Thanks for pointing out the seeming inconsistency. The documentation mentions
the issue but is perhaps not clear enough, so I installed the attached patch.
The input file contains NUL bytes and so is treated as binary data, and the grep
documentation (secton "File and Directory Selection", option "--binary-files")
says "When processing binary data, ‘grep’ may treat non-text bytes as line
terminators". This behavior was added to GNU grep in release 2.21 dated 2014,
partly for performance reasons.
There are two instances in riddle.he of a space followed by a NUL byte, so
grep -P '[ \t]\r?$' riddles.he
finds a match when the $ matches just before the NUL byte.
-a is one way to get the behavior you evidently expected. Another (perhaps
better) way is -z. The command:
grep -zP '[ \t]\r?\n' riddles.he
outputs nothing and exits with status 1.
>From 7cfd9d20773e1a67cb085a14206fd33274c64387 Mon Sep 17 00:00:00 2001
From: Paul Eggert <egg...@cs.ucla.edu>
Date: Tue, 5 Apr 2016 23:53:30 -0700
Subject: [PATCH] Give another example of binary file processing
Problem reported by Shlomi Fish
* doc/grep.texi (File and Directory Selection):
Document that 'q$' might match 'q' followed by a NUL
if --binary-files=binary is in effect.
---
doc/grep.texi | 14 ++++++++++----
1 file changed, 10 insertions(+), 4 deletions(-)

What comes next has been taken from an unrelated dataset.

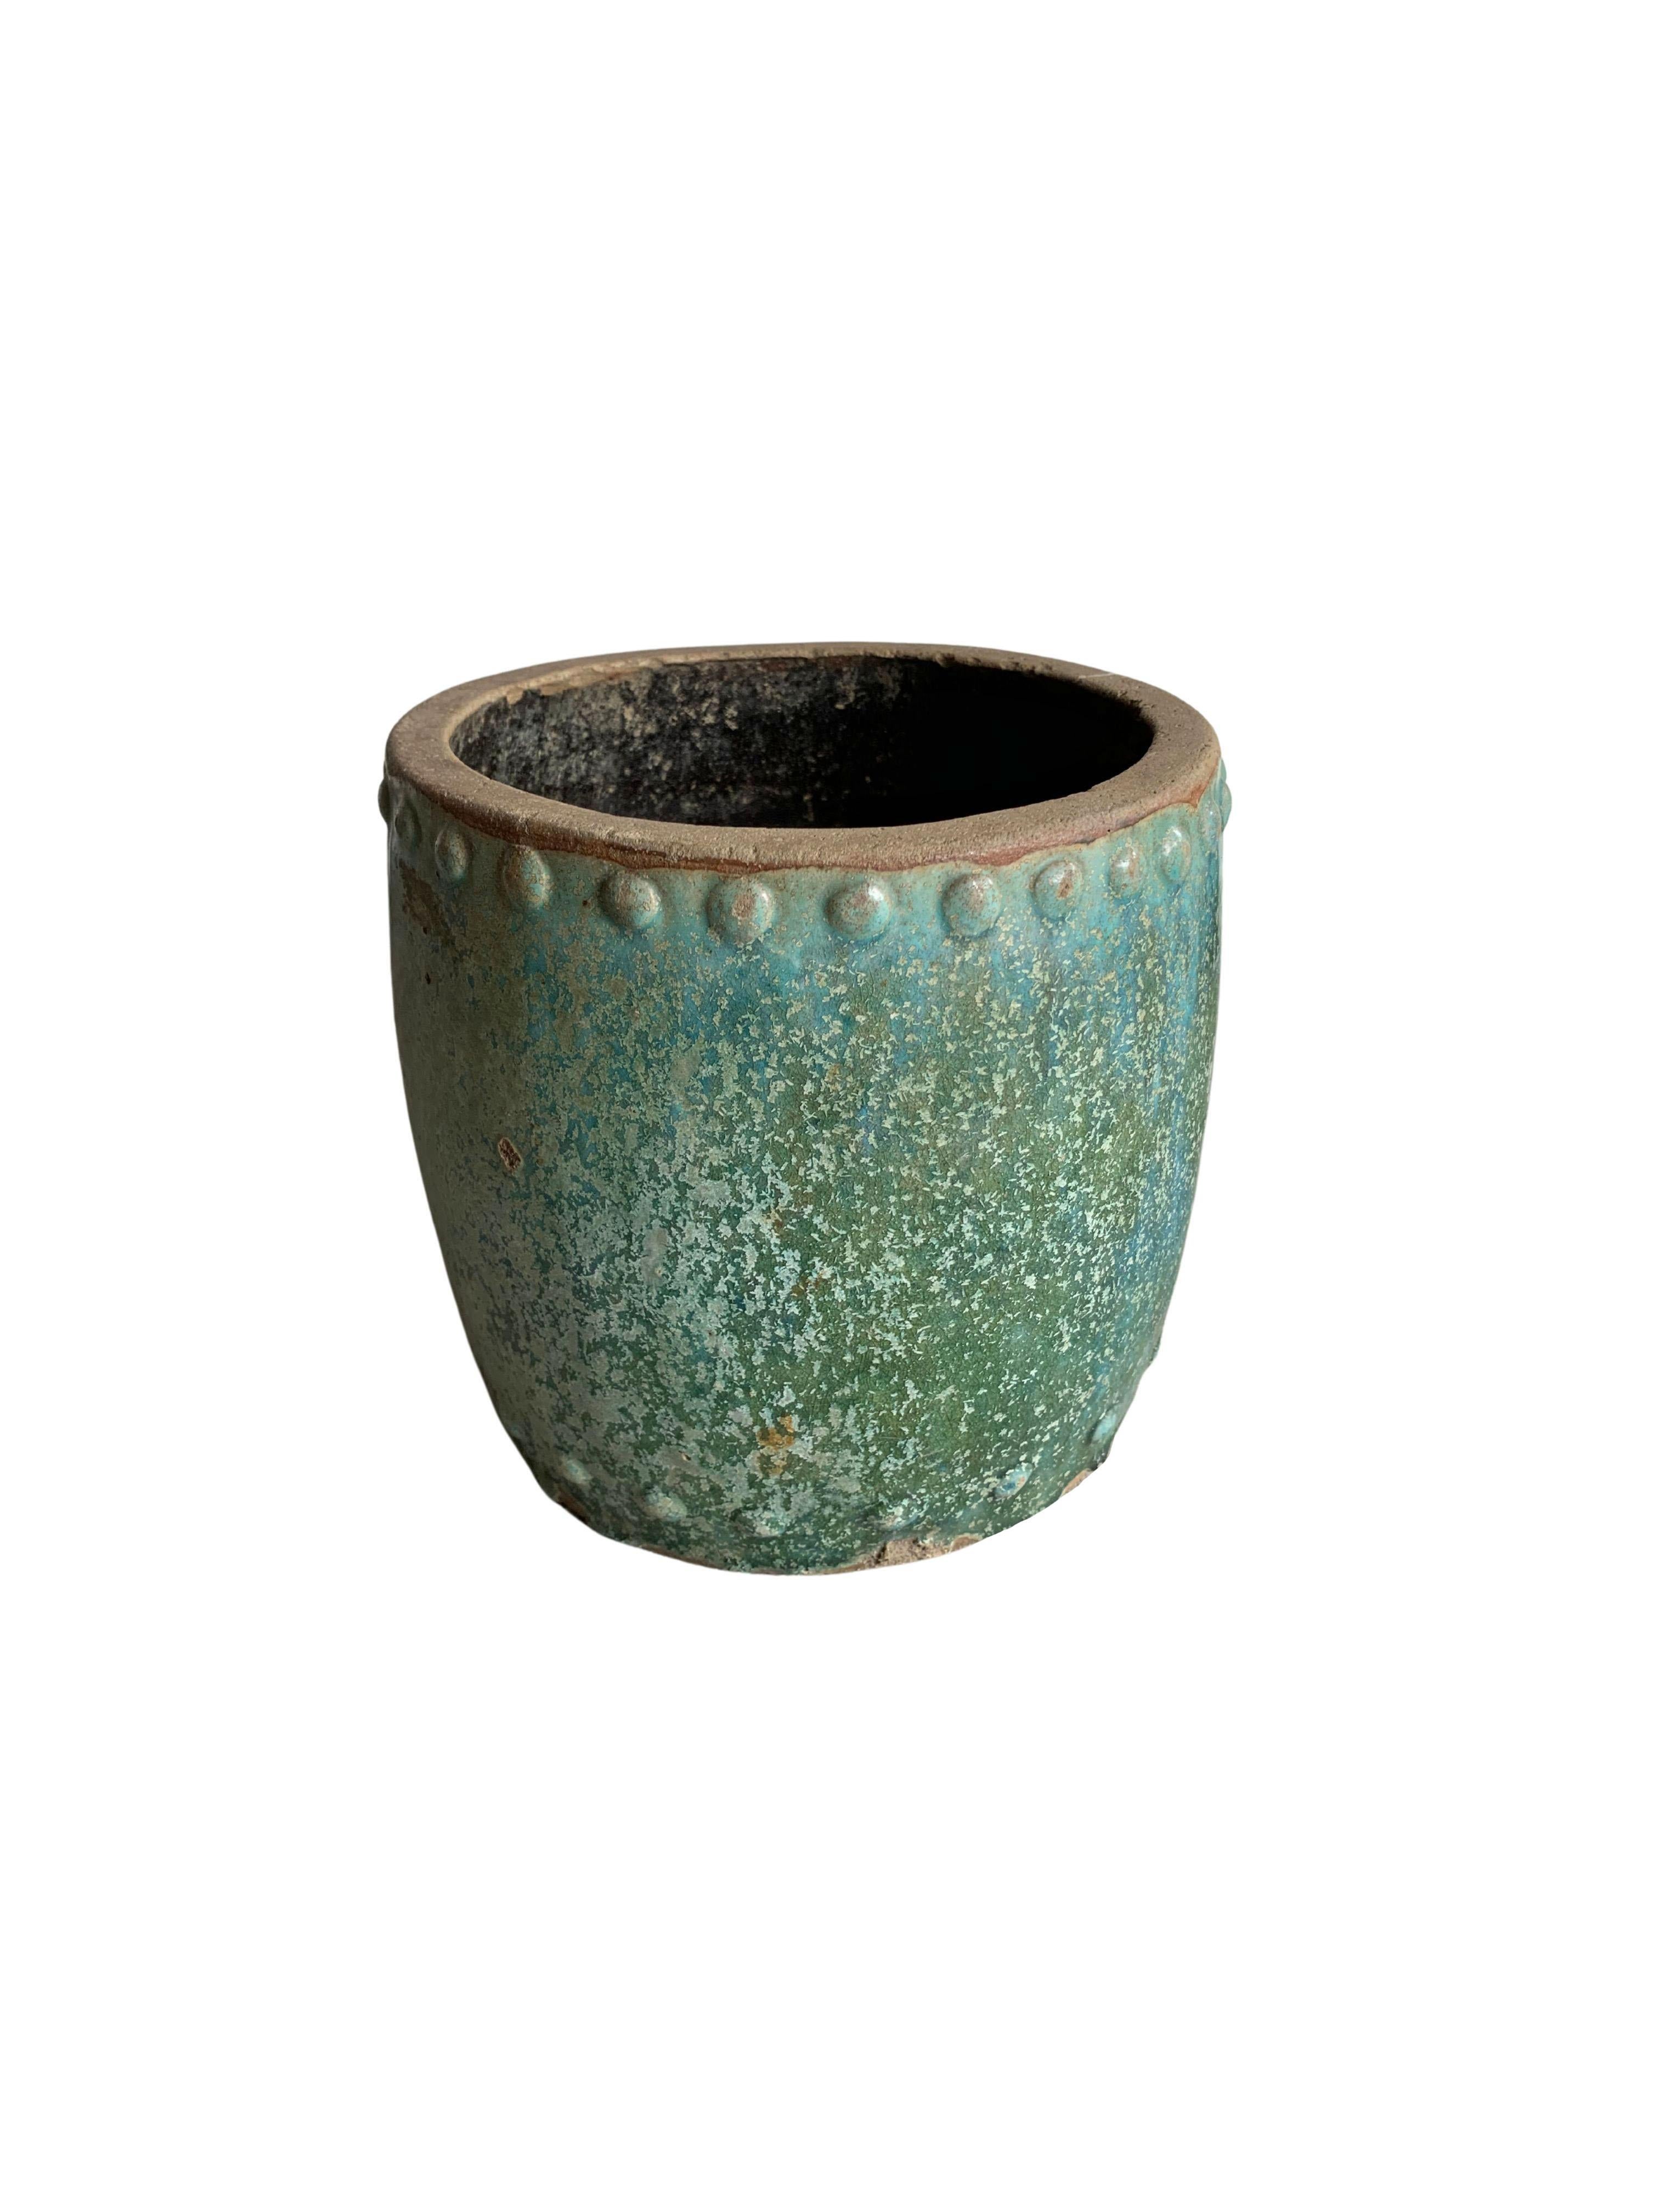 Chinois Pot de rangement / jardinière en céramique vernissée verte « huile blanche » de Chine, vers 1900 en vente

diff --git a/doc/grep.texi b/doc/grep.texi
index 074113b..1d3d5cb 100644
--- a/doc/grep.texi
+++ b/doc/grep.texi
@@ -607,10 +607,6 @@ By default, @var{type} is @samp{binary}, and when @command{grep}
discovers that a file is binary it suppresses any further output, and
instead outputs either a one-line message saying that a binary file
matches, or no message if there is no match.
-When processing binary data, @command{grep} may treat non-text bytes
-as line terminators; for example, the pattern @samp{.} (period) might
-not match a null byte, as the null byte might be treated as a line
-terminator even without the @option{-z} (@option{--null-data}) option.
If @var{type} is @samp{without-match},
when @command{grep} discovers that a file is binary
@@ -621,6 +617,16 @@ If @var{type} is @samp{text},
@command{grep} processes a binary file as if it were text;
this is equivalent to the @option{-a} option.
+When @var{type} is @samp{binary}, @command{grep} may treat non-text
+bytes as line terminators even without the @option{-z}
+(@option{--null-data}) option. This means choosing @samp{binary}
+versus @samp{text} can affect whether a pattern matches a file. For
+example, when @var{type} is @samp{binary} the pattern @samp{q$} might
+match @samp{q} immediately followed by a null byte, even though this
+is not matched when @var{type} is @samp{text}. Conversely, when
+@var{type} is @samp{binary} the pattern @samp{.} (period) might not
+match a null byte.
+
@emph{Warning:} @samp{--binary-files=text} might output binary garbage,
which can have nasty side effects
if the output is a terminal and
--
2.5.5